A new approach to fighting spam?

Spam and the uncertainty that spam filters cause has dramatically reduced the effectiveness one of the most popular uses of the Internet. Maybe it’s time for a different approach to filtering email.

Phones and email are both about equally useful: given the choice between giving up their phone of giving up email, people are about evenly divided. When comparing e-mail to other Internet technologies, however, it's no contest. Given the choice between giving up email and giving up browser-based web access, people cheerfully give forgo the web in favor of email. The web may be nice to have, but email is a necessity, and most businesses really can’t function without it.

Unfortunately, almost all of today’s email traffic is spam so it’s necessary to separate the spam from the legitimate messages before they get to users’ inboxes. If you don’t do that, users are quickly overwhelmed by the sheer volume of spam that they receive.
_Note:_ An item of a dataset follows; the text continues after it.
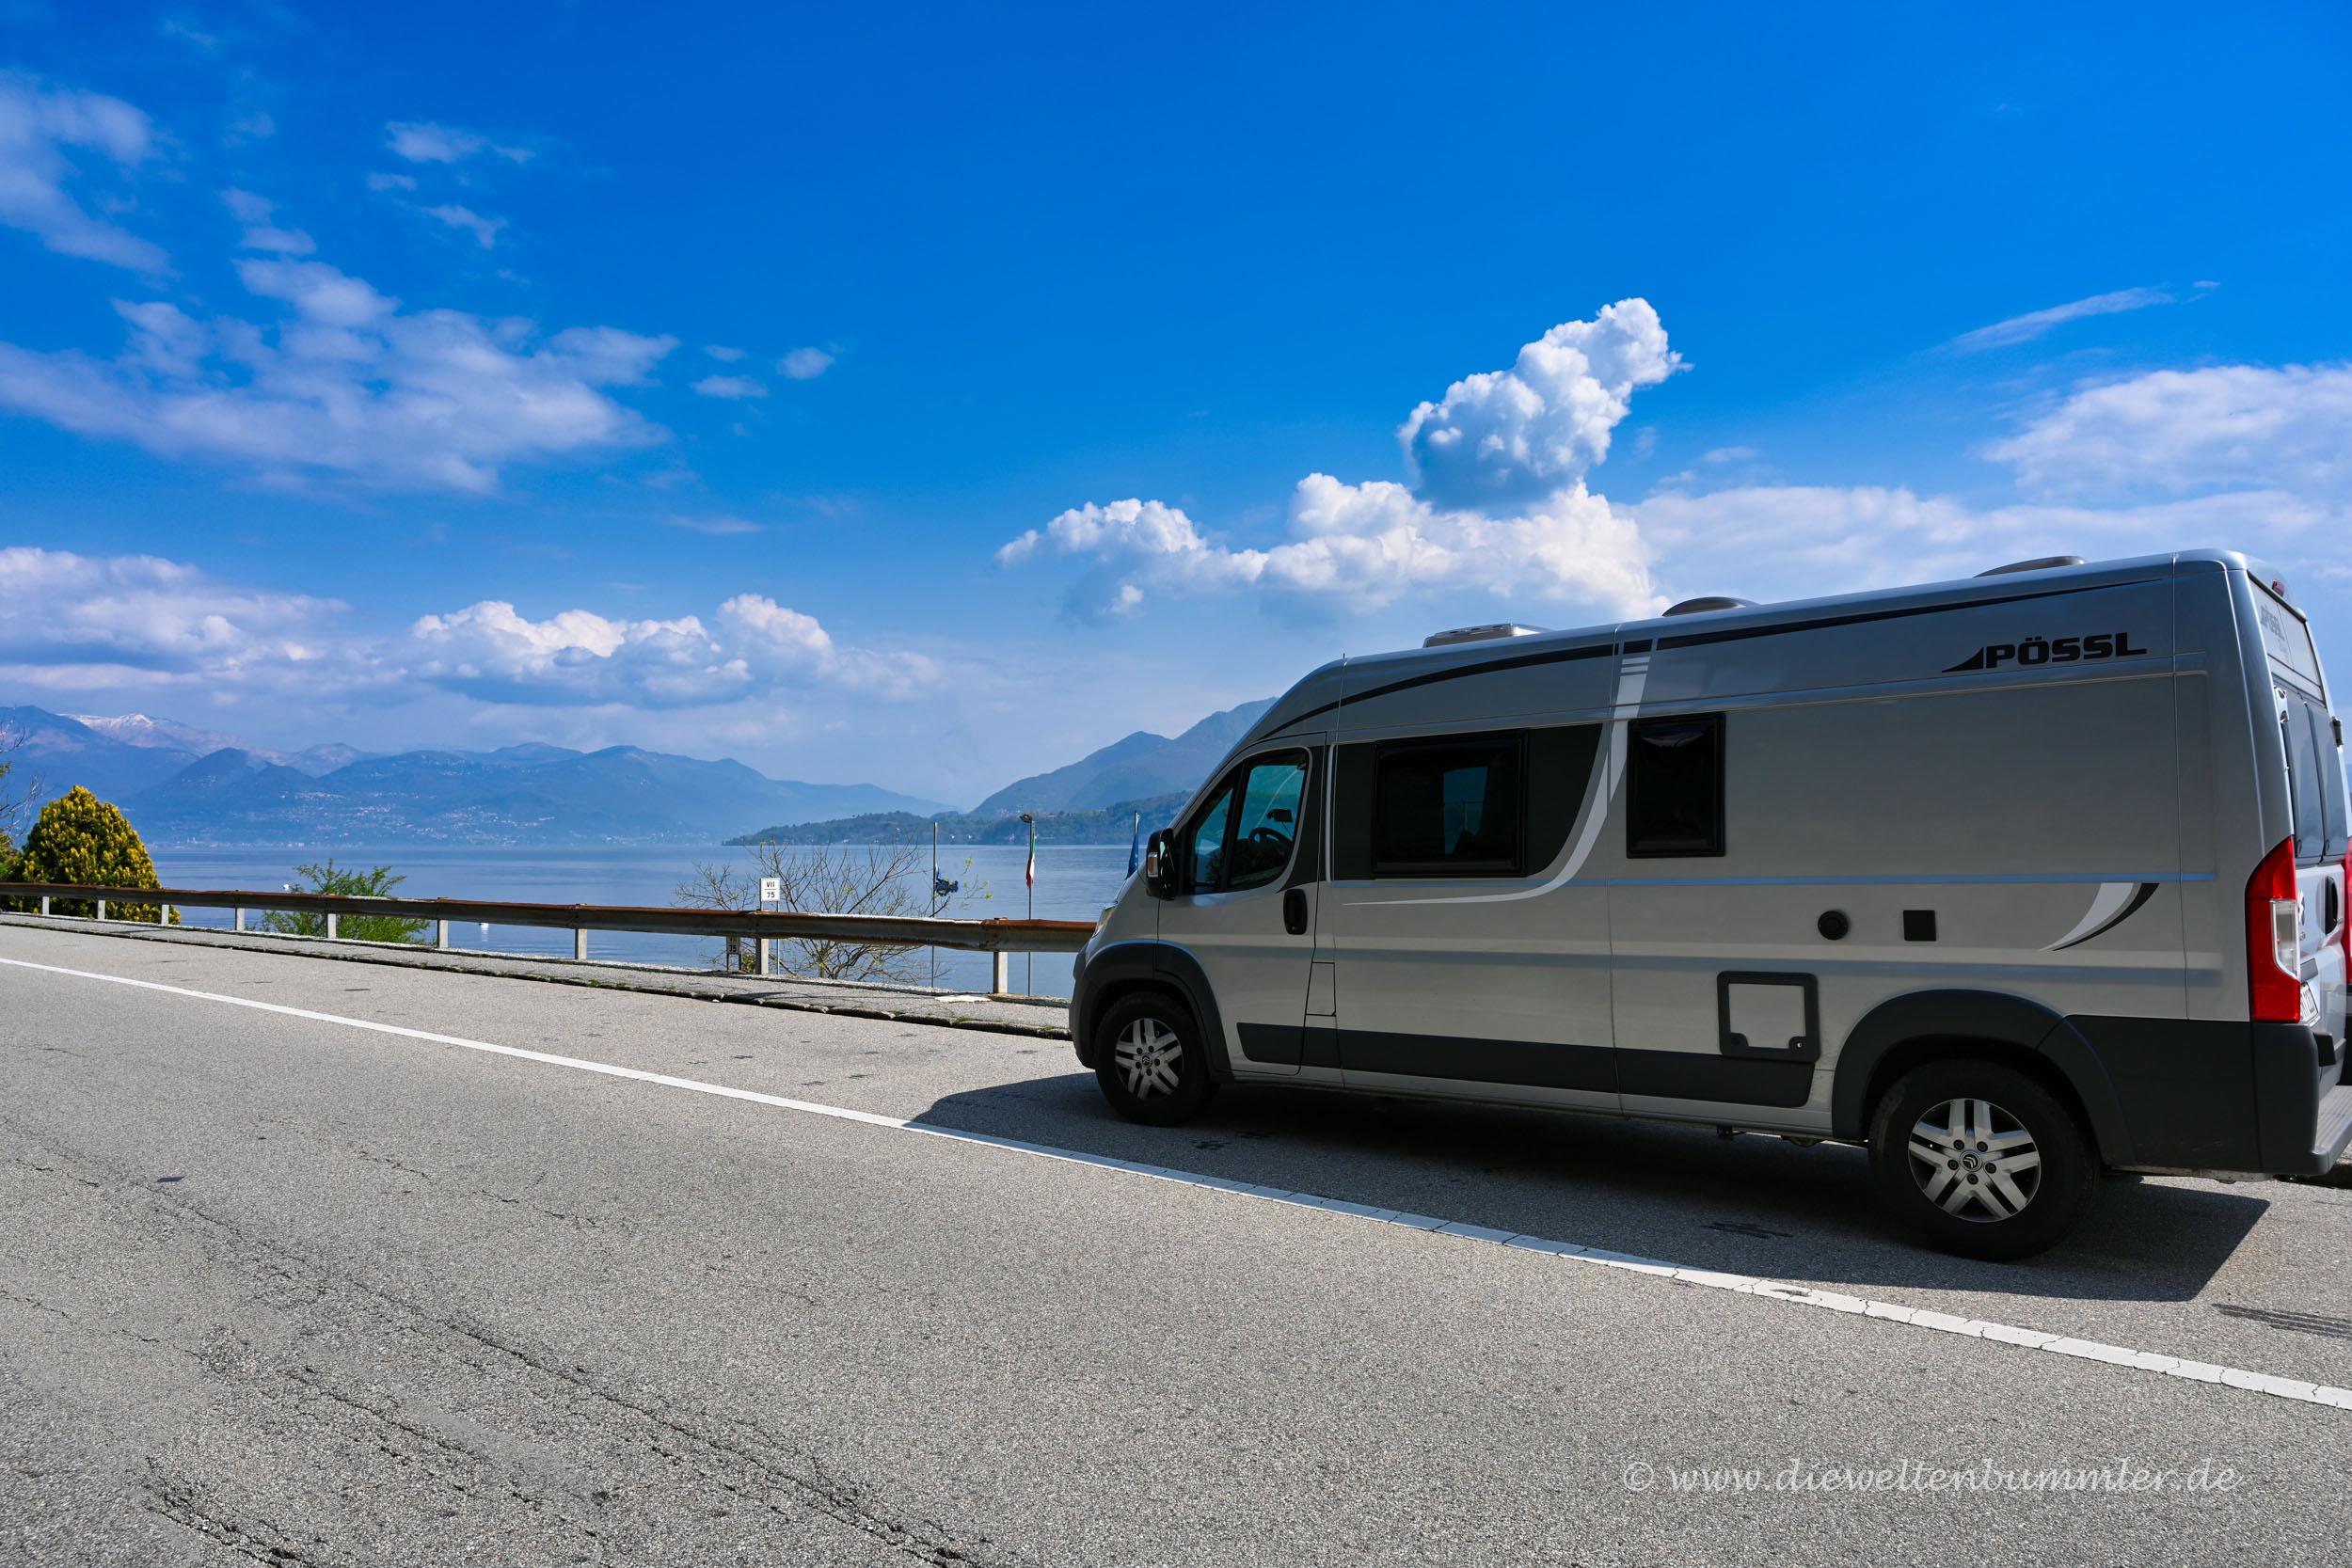 Mit dem Wohnmobil zum Lago Maggiore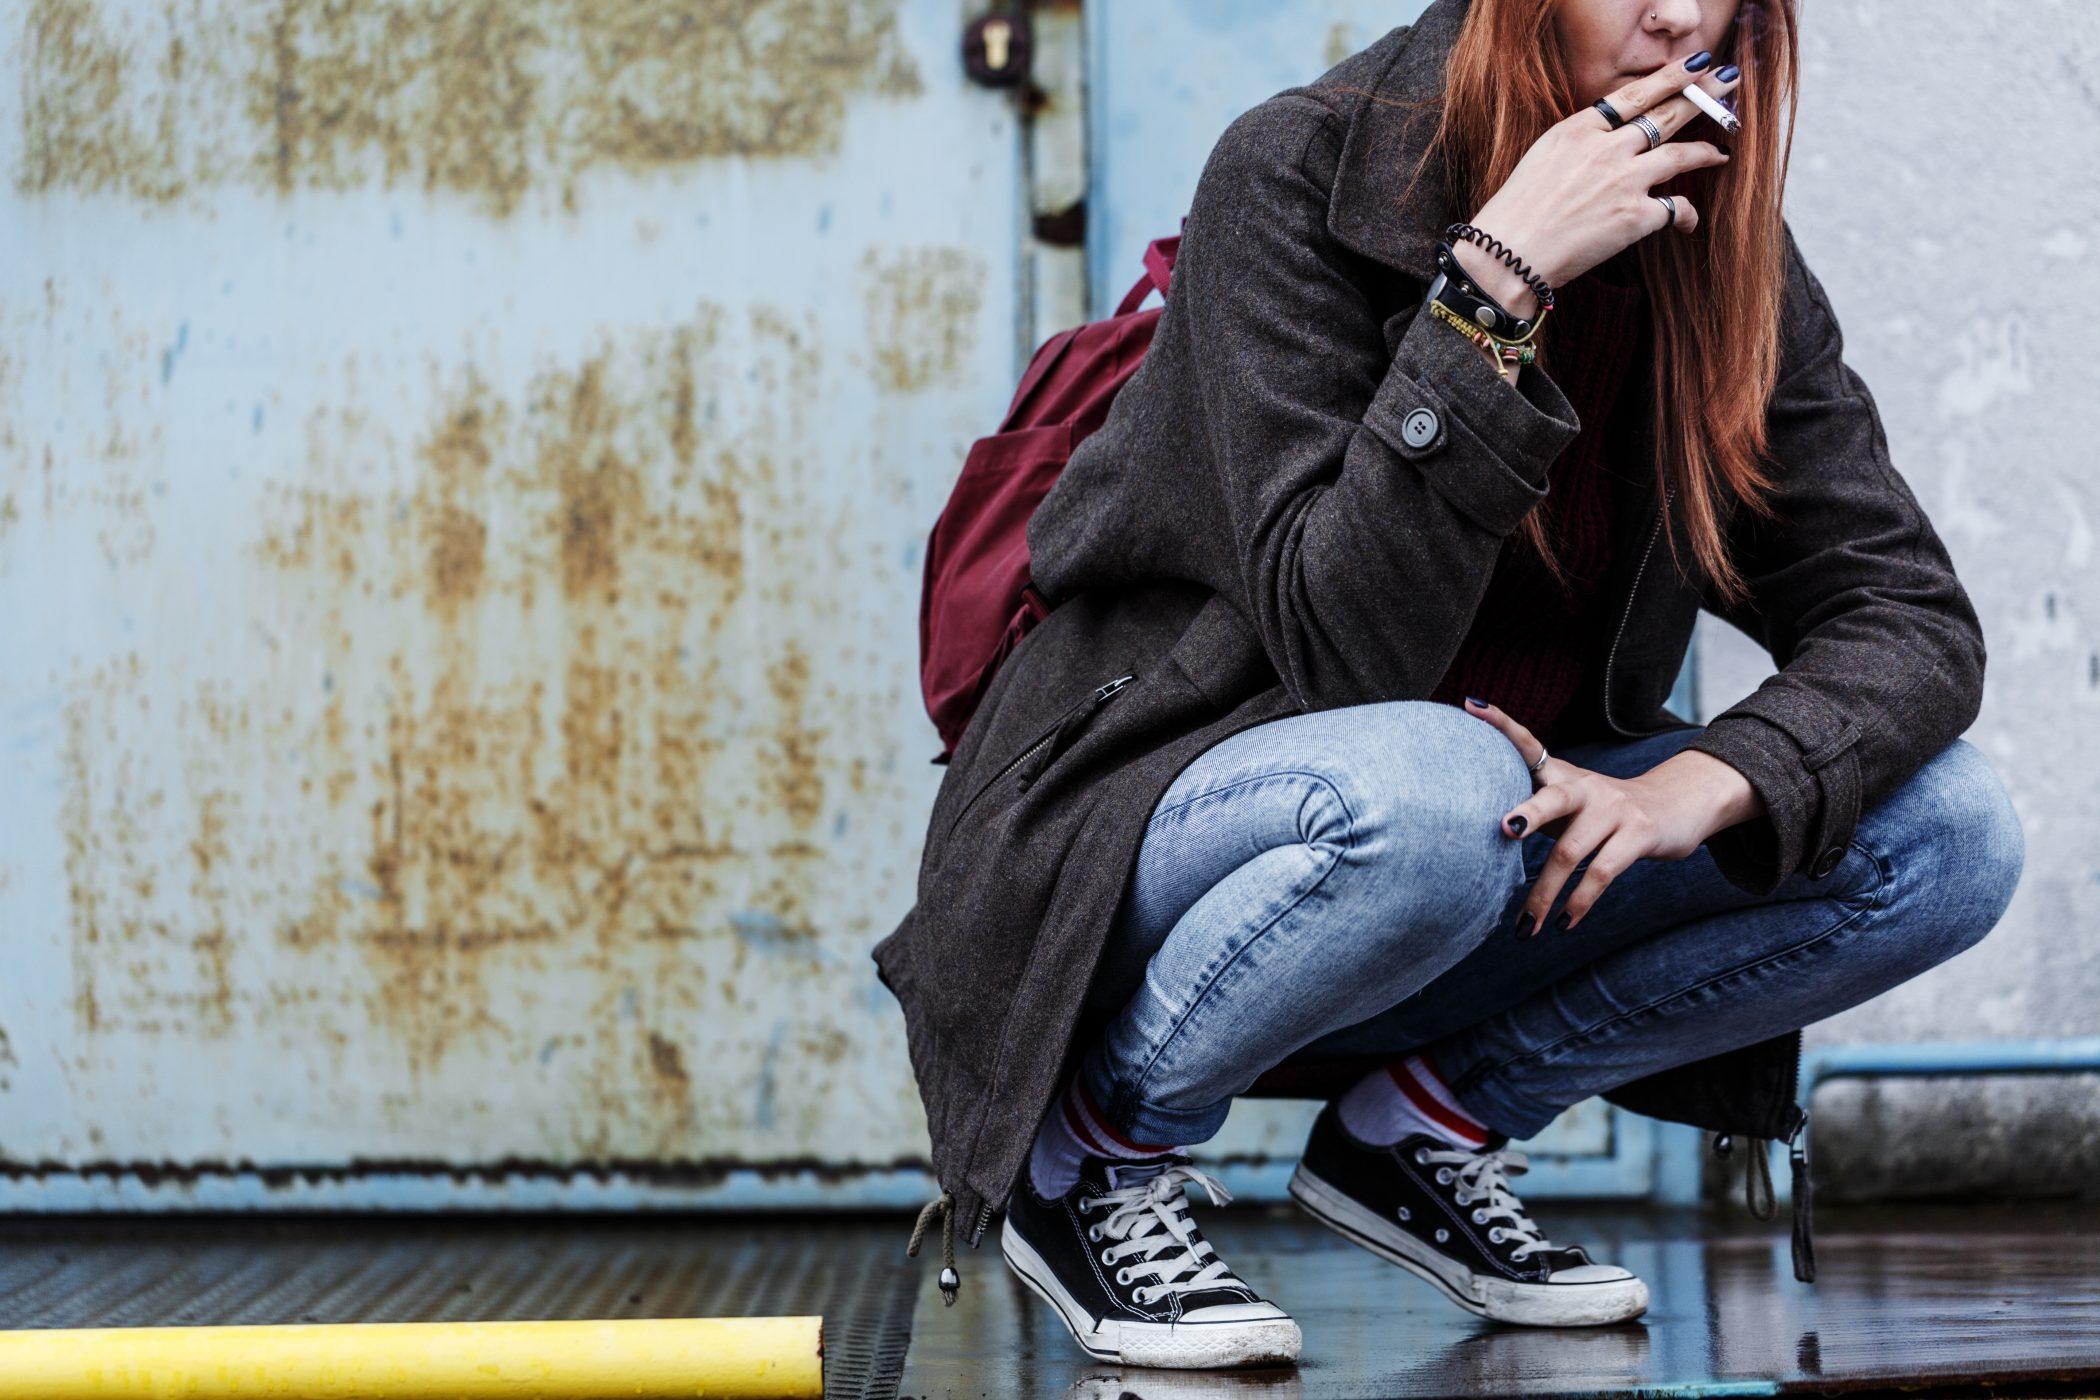 Riotous teenager smoking cigarette

Spammers are clever, however, and quickly find a way to get around the latest updates to spam filtering software. That’s possible because filtering applications use the latest models of what spam looks like to help them decide whether or not to let a message pass. Once spammers learn what filters look for, they quickly invent a way to get their spam past the filters.

Maybe an entirely new approach to filtering email is needed, and the fact that most email is actually spam may be the insight that we need for this. In particular, instead of trying to identify spam, why not try to identify legitimate email messages instead?

Note that this is entirely different from white-listing. With white-listing, an approved list of names, domains or IP addresses is used to allow incoming email. Instead, this approach looks at the content of an email and tries to decide if a particular message is legitimate. White listing doesn’t look for valid email messages. An entirely different model may be needed to do that.

Information security vendors have spent lots of time and effort over the past several years developing ways to identify spam. The benefits of this research have been temporary at best because spammers quickly learn to avoid the most recent versions of anti-spam filters. But while the arms race between spammers and anti-spam vendors has led to all sorts of unusual messages that are designed to pass filters undetected, the format of legitimate emails hasn’t changed much at all, and because of this, identifying legitimate emails may be a better strategy than identifying spam.

Looking for legitimate emails seems to be very simple to implement because it can be done with a minimal change to existing networks. All that’s needed is different logic on anti-spam filtering products. Everything else can stay the same. That seems much simpler than some of the alternatives that have been proposed. Simple is definitely good. It might even be effective.

I haven't heard of this approach being used. Maybe there's some obvious reason why it won't work.

  • Rob Adams

    Identifying legitimate messages is the same problem as identifying spam messages. The problem in both cases is that spam can look arbitrarily similar to legitimate messages.


  • Jim MacLeod

    Sorry, the core of your suggestion is already mainstream. The anti-spam statistical decision engines based on language processing, machine learning, sender reputation, etc., generally output a result which is essentially “percent chance this is spam” based on comparison between collections of “known-good” and “known-bad” emails. The hard part is bootstrapping the process – creating the collections of emails.
    Research focuses on categorizing spam because it’s a much easier task than categorizing natural language. Comparing the characteristic of spam versus not-spam, there are a lot more similarities between different spam emails than there are between not-spam emails. You suggest that the format of not-spam messages “hasn’t changed much” – but that assumes that there _is_ or ever was a standard format for email. If there were, spammers would of course copy it.
    Spam by its nature tends to have specific characteristics. Messages tend to be short, cover only 1 of about a dozen topics, and (these days) generally include a link to a site whose reputation is bad or which has only recently been registered. It’s fairly rare for an entirely new concept in spam to emerge – and once it does, if it’s effective, it’s copied fairly quickly, which means that most anti-spam vendors figure out how to kill it pretty quickly.
    Finally, there’s a wonderful paradox about spam: as spammers try to evade anti-spam filters, their messages increasingly tend to diverge from standard natural language – which makes it easier to identify a spam message on sight.
    Check out http://craphound.com/spamsolutions.txt for additional commentary on anti-spam research.


  • Luther Martin

    My thinking here was really based on discussions that I had with anti-spam vendors at the RSA show this year. We were taking about how image spam managed to appear and bypass most spam filters and I was told that this happened because the filters were looking for indicators of spam and not for indicators of a valid message.